La operativa diaria de un activo turístico no debería depender de la disponibilidad del propietario ni de la iniciativa puntual de cada empleado. Cuando la operación está bien estructurada — con procesos definidos, responsabilidades claras y supervisión real — el activo funciona con estabilidad en temporada alta, ante rotación de personal y en ausencia del propietario. Eso no ocurre por casualidad. Ocurre cuando alguien se encarga de construirlo y mantenerlo.
¿Por qué la operación es el área donde más valor se pierde sin que el propietario lo vea?
Los problemas operativos rara vez aparecen de forma dramática. Se acumulan de forma silenciosa: el check-in que tardó demasiado, la habitación que no estaba lista, la reclamación que se gestionó mal, el técnico que no llegó a tiempo. Cada uno de esos incidentes parece menor en el momento — pero su efecto acumulado aparece en las valoraciones, en la tasa de repetición y en los costes de operación que nadie revisa hasta que ya son un problema mayor.
En la mayoría de los activos turísticos independientes en Canarias, la operación funciona por inercia: hay personas que hacen su trabajo, pero sin un marco común que garantice consistencia. Cuando el empleado de más experiencia se va de vacaciones, la calidad baja. Cuando hay varias llegadas simultáneas, el proceso improvisa. Cuando surge una reclamación fuera del horario habitual, nadie sabe exactamente qué hacer. Esa variabilidad tiene un coste directo en valoraciones y un coste indirecto en la capacidad del activo de mantener precios y atraer demanda de calidad.
La diferencia entre una operación estructurada y una que funciona por inercia no es solo eficiencia — es control. Un propietario cuyo activo tiene procesos definidos y supervisión real puede tomar decisiones con información fiable, detectar problemas antes de que escalen y confiar en que la operación funciona aunque él no esté presente. Un propietario cuyo activo funciona por inercia depende de que todo vaya bien — y cuando algo va mal, se entera tarde.
Cómo estructuramos y supervisamos la operación en la práctica
Diagnóstico operativo inicial
Antes de implantar ningún cambio, analizamos cómo funciona la operación actual: qué procesos existen y cuáles no, dónde están los cuellos de botella, qué incidencias se repiten, cómo se gestionan las reclamaciones y qué información tiene el propietario sobre el rendimiento del activo. Ese diagnóstico permite priorizar las intervenciones con mayor impacto, porque no todos los activos tienen los mismos problemas y no todas las mejoras tienen el mismo retorno.
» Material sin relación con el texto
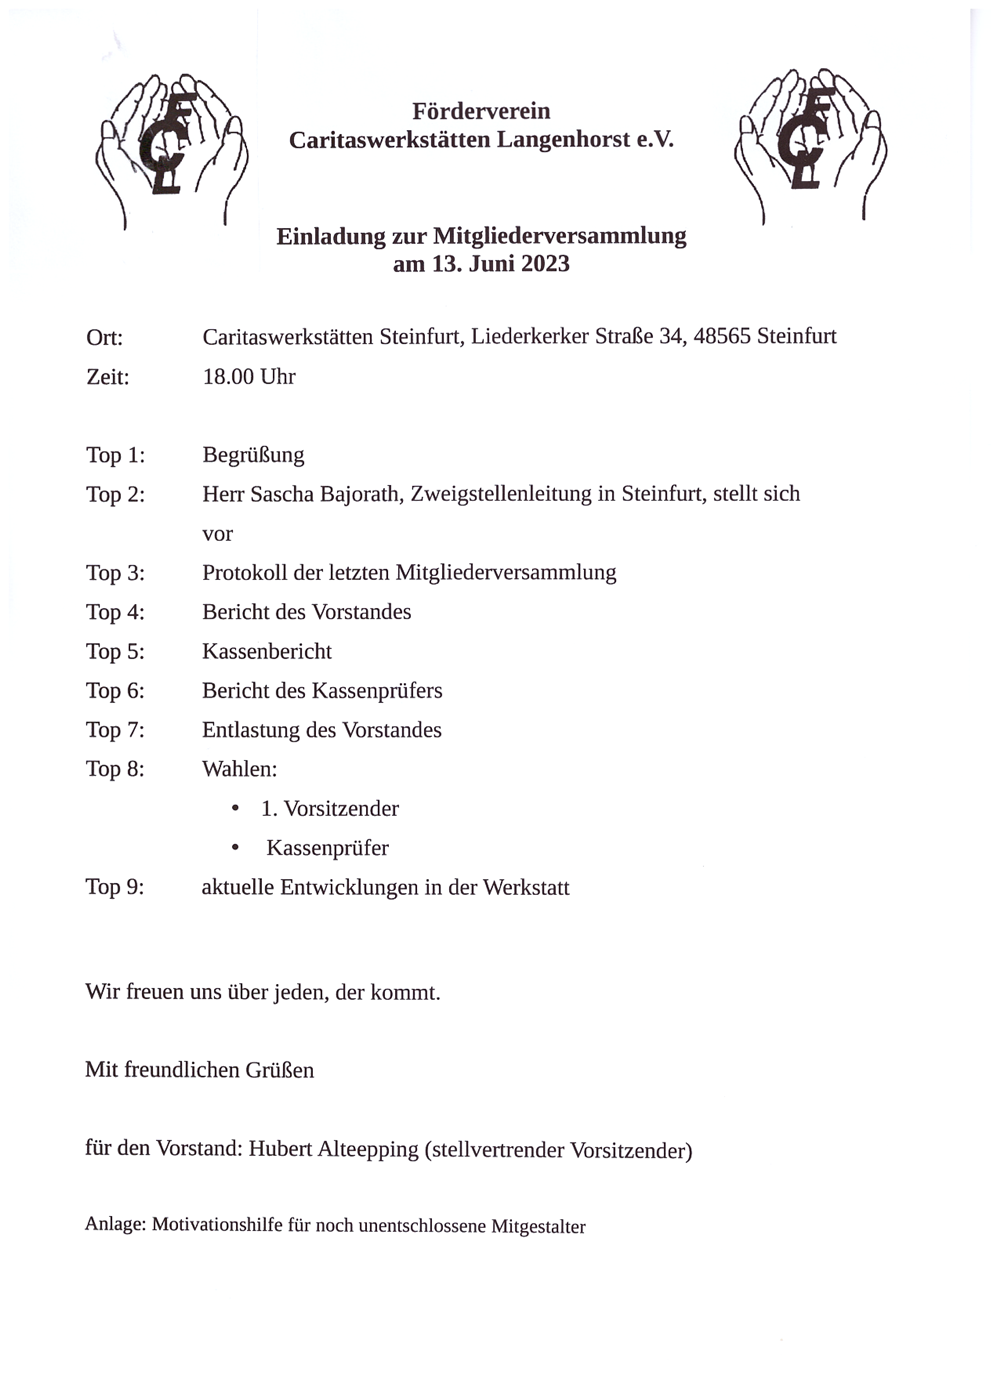 Einladung zur Mitgliederversammlung am 13.06.2023 Förderverein Caritaswerkstätten Langenhorst e.V.
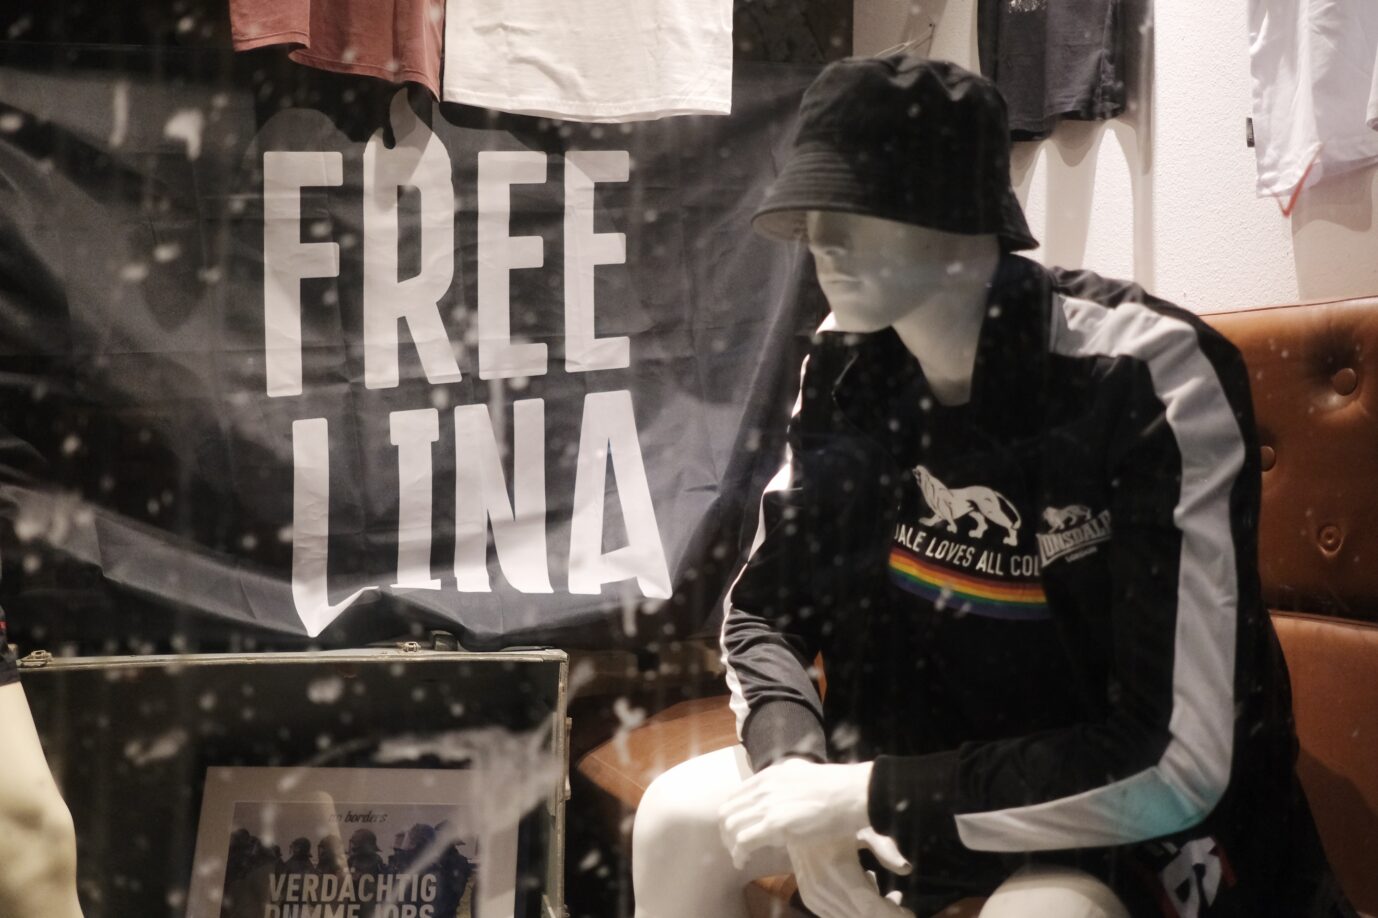 Das Bild zeigt ein Solidaritäts-Transparent mit der verurteilten Gewalttäterin Lina E.

Definición de procesos y estándares operativos
Establecemos por escrito cómo deben funcionar los procesos clave del activo: apertura y cierre de recepción, protocolo de check-in y check-out, gestión de reclamaciones, proceso de housekeeping por tipología de unidad, criterios de mantenimiento preventivo y procedimiento de actuación ante incidencias. Sin procesos escritos, cada persona resuelve a su manera y la experiencia que recibe el huésped varía en función de quién esté de turno. Con procesos definidos, la calidad no depende de la persona: depende del sistema.
Coordinación diaria de equipos
La coordinación operativa no es supervisar desde lejos — es estar presente en los momentos que importan, anticipar los problemas antes de que ocurran y asegurarse de que los equipos tienen lo que necesitan para hacer bien su trabajo. MOANA HOTELS coordina housekeeping, recepción y mantenimiento con criterios definidos, comunicación directa y seguimiento real. Cuando hay un pico de llegadas, una incidencia técnica o una rotación de personal, la operación tiene un marco claro para gestionarlo — sin improvisación y sin que el propietario tenga que intervenir.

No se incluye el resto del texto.